No, it is less than very severe. There is some narrowing of the sound field and modulation of sounds in one channel by the other. It doesn't sound good to me, and it is exactly why ESS says to use two power supplies for AVCC, but that appears to be impossible the way this dac board is designed. That is what I am actually trying to describe.
Agree that powering the two channels separately will likely provide further benefits. I thought about this when doing the separate-rail mod and wondered if this is due to the use of batteries where it would not be easy to keep the voltage the same on both channels as battery voltage can vary a bit.
Nevertheless when compared to my other DACs I do not find the fifopi to exhibit a narrower sound field or any crosstalk so this may be system-dependent or some other factors might be contributing to it.
Let's keep experimenting to see how to take it further.
Nevertheless when compared to my other DACs I do not find the fifopi to exhibit a narrower sound field or any crosstalk so this may be system-dependent or some other factors might be contributing to it.
Let's keep experimenting to see how to take it further.
Maybe your power amp or headphone amp has some cross-talk that masks the dac cross-talk? That wouldn't be unusual. Its the reason some people use mono-block power amps. In fact, TP sells an LME49600 mono-block headphone amp kit. Using the TP HPA showed me that there was some power supply coupled cross-talk in my regular HPA. I didn't know it until I heard what a stereo recording was actually supposed to sound like. The TP HPA kit is cheap for what you get, you might want to try it so you can hear the difference between cross-talk in different dacs.
HiFiBerry Driver. I actually have a HiFiBerry DAC. Ian’s Dual Mono DAC was working fine with a single power connection, but after I cut out the capacitor daughter boards and gave it the 3 way power treatment, no lock on R & L.
I checked the voltage on each, 3.3v. I put the generic clocks back in, reset all settings to default, still no sync / music. Installed Ian’s Stereo DAC Hat and its playing nicely. Upgraded the clocks, turned on synchronous clock mode, connected the MCLK signal from the FifoPi to J5 on the 9028Q2MPi using a u.fl coaxial cable.
I do have a scope. Not that swift in using it on digital signals.
@Simon Dart,
Because I like you so much, I spent some time probing one of the FiFoPi I have here to find the answers to your questions...
- Yes, the LDO bypass links DO bypass the 3 regulators we've already discussed on the FiFoPi... an LT3042, an LP5907, and an XC6219. These are all of the regulators I can find on the clean side.
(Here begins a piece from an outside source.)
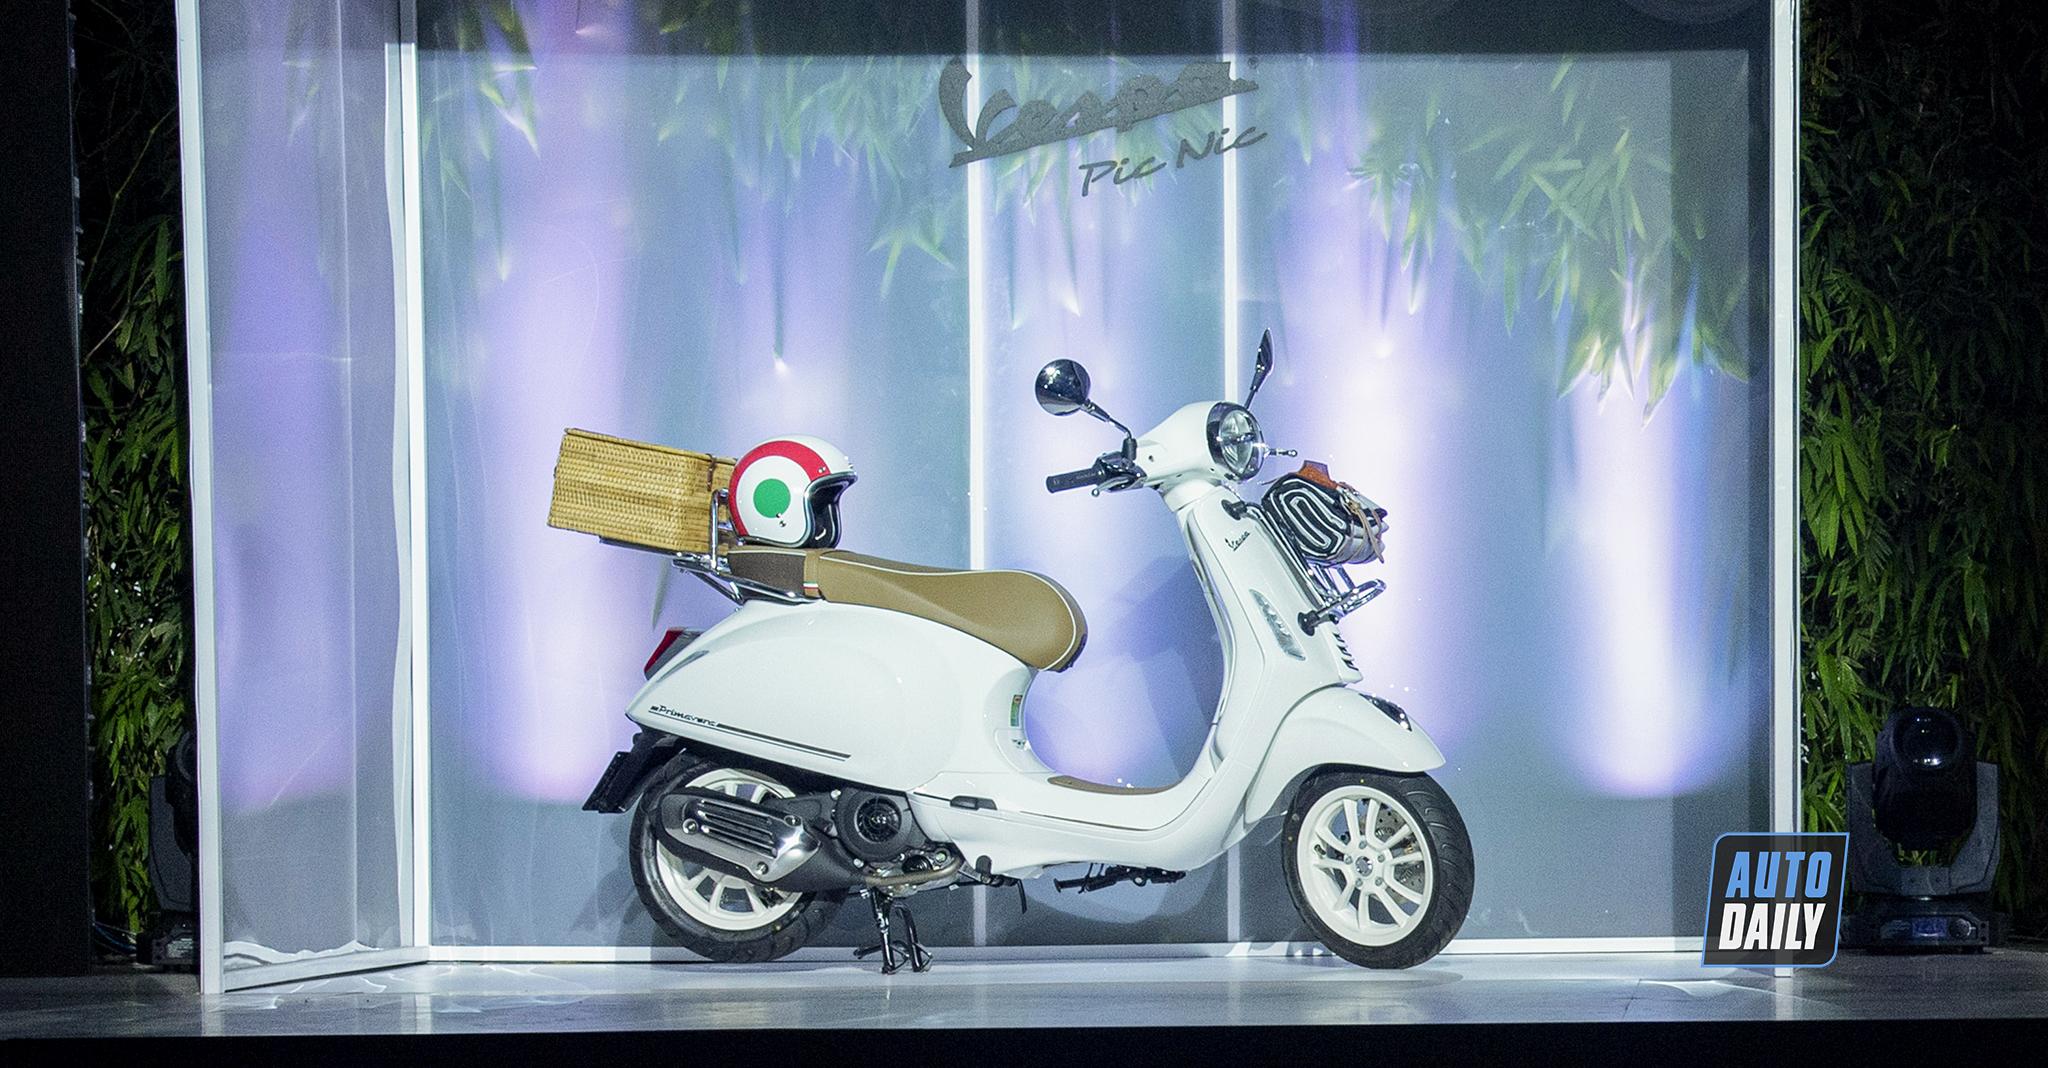 Vespa Picnic ra mắt tại Việt Nam, giới hạn chỉ 300 chiếc giá 88 triệu

SO all of them are bypassed. This is why when you have the bypass links in, feeding the clean side with anything much over 3.3V will destroy the FiFoPi.
- The RPi side chips are fed from an AP7363 regulator. BTW, Ian appears to be using 2 of the Siliconex isolation devices, one on the top and one on the bottom of the board. AND the FIFO FPGA and memory are on the RPi side of the board, as one might expect.
SO if you want to provide better power isolation to the clocks, I suggest you do as @wlowes did (and @jacklee too, though by a very different method). Leave out the power pin on the adapters and feed power separately into each clock.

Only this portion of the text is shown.